In research, time and resources are precious. Automating common tasks, such as data collection, can make a project efficient and repeatable, leading in turn to increased productivity and output. You will end up with a shareble and reproducible method for data collection that can be verified, used and expanded on by others — in other words, a computationally reproducible data-collection workflow.

In a current project, we are analysing coroners’ reports to help to prevent future deaths. It has required downloading more than 3,000 PDFs to search for opioid-related deaths, a huge data-collection task. In discussion with the larger team, we decided that this task was a good candidate for automation. With a few days of work, we were able to write a computer program that could quickly, efficiently and reproducibly collect all the PDFs and create a spreadsheet that documented each case.

Such a tool is called a ‘web scraper’, and our group employs them regularly. We use them to collect information from clinical-trial registries, and to enrich our OpenPrescribing.net data set, which tracks primary-care prescribing in England — tasks that would range from annoying to impossible without the help of some relatively simple code.

In the case of our coroner-reports project, we could manually screen and save about 25 case reports every hour. Now, our program can save more than 1,000 cases per hour while we work on other things, a 40-fold time saving. It also opens opportunities for collaboration, because we can share the resulting database. And we can keep that database up to date by re-running our program as new PDFs are posted.

Here, we offer some basics about web scraping and how you can start using it in your research projects.

How does scraping work?

Web scrapers are computer programs that extract information from — that is, ‘scrape’ — web sites. The structure and content of a web page are encoded in Hypertext Markup Language (HTML), which you can see using your browser’s ‘view source’ or ‘inspect element’ function. A scraper understands HTML, and is able to parse and extract information from it. For example, you can program your scraper to extract specific fields of information from an online table or download documents linked on the page.

A common scraping task involves iterating over every possible URL from www.example.com/data/1 to https://ift.tt/3m1vi8O (sometimes called ‘crawling’) and storing what you need from each page without the risk of human error during extraction. Once your program is written, you can recapture these data whenever you need to, assuming the structure of the website stays mostly the same.

How do I get started?

Not all scraping tasks require programming. When you visit a web page in your browser, off-the-shelf browser extensions such as webscraper.io let you click on the elements of the page that contain the data that you’re interested in. They can then automatically parse the relevant parts of the HTML and export the data as a spreadsheet.

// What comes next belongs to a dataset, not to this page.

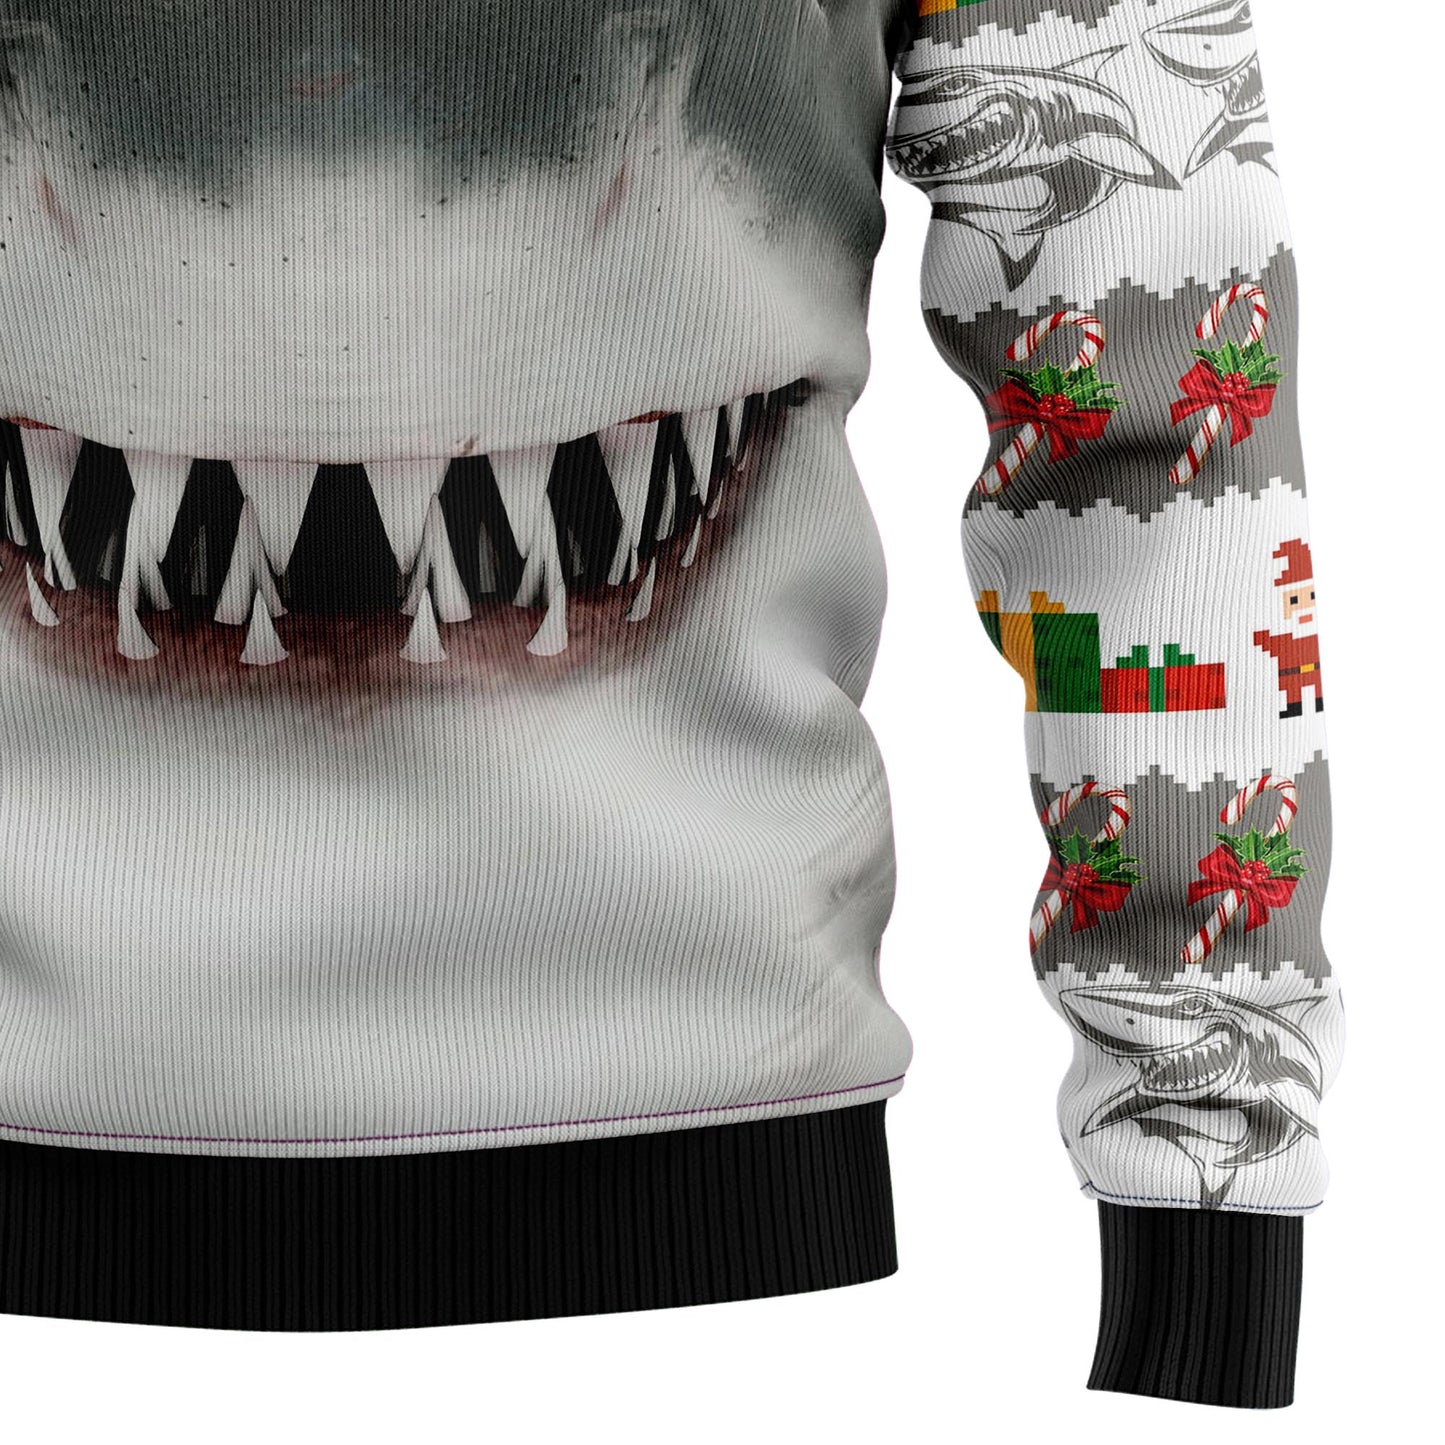 Shark Cute Face T2210 Ugly Christmas Sweater

The alternative is to build your own scraper — a more difficult process, but one that offers greater control. We use Python, but any modern programming language should work. (For specific packages, Requests and BeautifulSoup work well together in Python; for R, try rvest.) It’s worth checking whether anyone else has already written a scraper for your data source. If not, there’s no shortage of resources and free tutorials to help you to get started no matter your preferred language.

As with most programming projects, there will be some trial and error, and different websites might use different data structures or variations in how their HTML is implemented that will require tweaks to your approach. Yet this problem-solving aspect of development can be quite rewarding. As you get more comfortable with the process, overcoming these barriers will start to seem like second nature.

But be advised: depending on the number of pages, your Internet connection and the website’s server, a scraping job could still take days. If you have access and know-how, running your code on a private server can help. On a personal computer, make sure to prevent your computer from sleeping, which will disrupt the Internet connection. Also, think carefully about how your scraper can fail. Ideally, you should have a way to log failures so that you know what worked, what didn’t and where to investigate further.

Things to consider

Can you get the data an easier way? Scraping all 300,000+ records off of ClinicalTrials.gov every day would be a massive job for our FDAAA TrialsTracker project. Luckily, ClinicalTrials.gov makes their full dataset available for download; our software simply grabs that file once per day. We weren’t so lucky with the data for our EU TrialsTracker, so we scrape the EU registry monthly.

If there’s no bulk download available, check to see whether the website has an application programming interface (API). An API lets software interact with a website’s data directly, rather than requesting the HTML. This can be much less burdensome than scraping individual web pages, but there might be a fee associated with API access (see, for example, Google’s Map API). In our work, the PubMed API is often useful. Alternatively, check whether the website operators can provide the data to you directly.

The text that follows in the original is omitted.